Portrait du Révérend Père Bichet (sometimes referred to as Portrait of a Priest, 1885), by James Tissot. Oil on canvas, 34.25 by 46.06 in. (87 by 117 cm). Musée des Beaux-Arts in Nantes, France.

In 1920, Albert Bichet bequeathed Tissot’s Portrait du Révérend Père Bichet (sometimes referred to as Portrait of a Priest, 1885) to the Musée des Beaux-Arts in Nantes, France.  Father Bichet was a missionary in Africa and the brother of Tissot’s sister-in-law, Claire Bichet (1844 – 1909).

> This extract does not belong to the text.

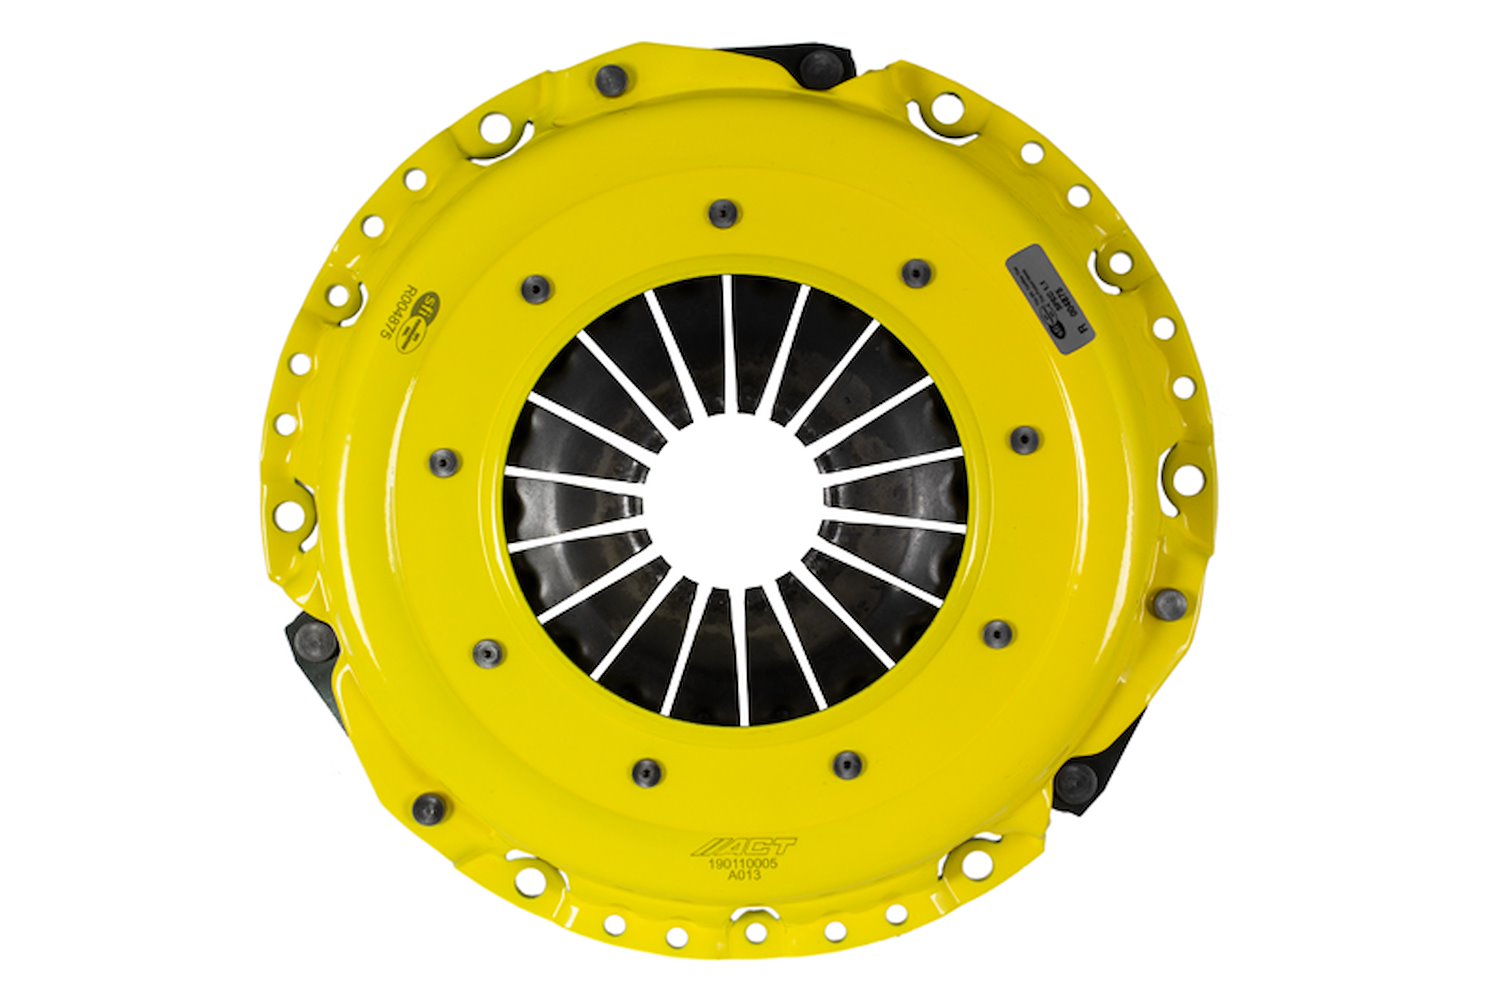 Heavy-Duty Transmission Clutch Pressure Plate Fits Select Audi/Volkswagen

Le Petit Nemrod (A Little Nimrod), c. 1882, by James Tissot. Oil on canvas, 34 ½ by 55 3/5 in. (110.5 by 141.3 cm). Musée des Beaux-Arts et d’archéologie, Besançon, France. (Photo: Wikimedia.org)

The same year, Albert Bichet made a bequest of Tissot’s Le Petit Nemrod (A Little Nimrod, c. 1882).  It is in the collection of the Musée des Beaux-Arts et d’archéologie (Museum of Fine Arts and Archeology) in Besançon, France.  The canvas depicts the children of Tissot’s mistress and muse, Kathleen Newton (1854 – 1882), and her older, married sister Mary Hervey, playing in a London park.  Nimrod, according to the Book of Genesis, was a great-grandson of Noah, and he is depicted in the Hebrew Bible as a mighty hunter.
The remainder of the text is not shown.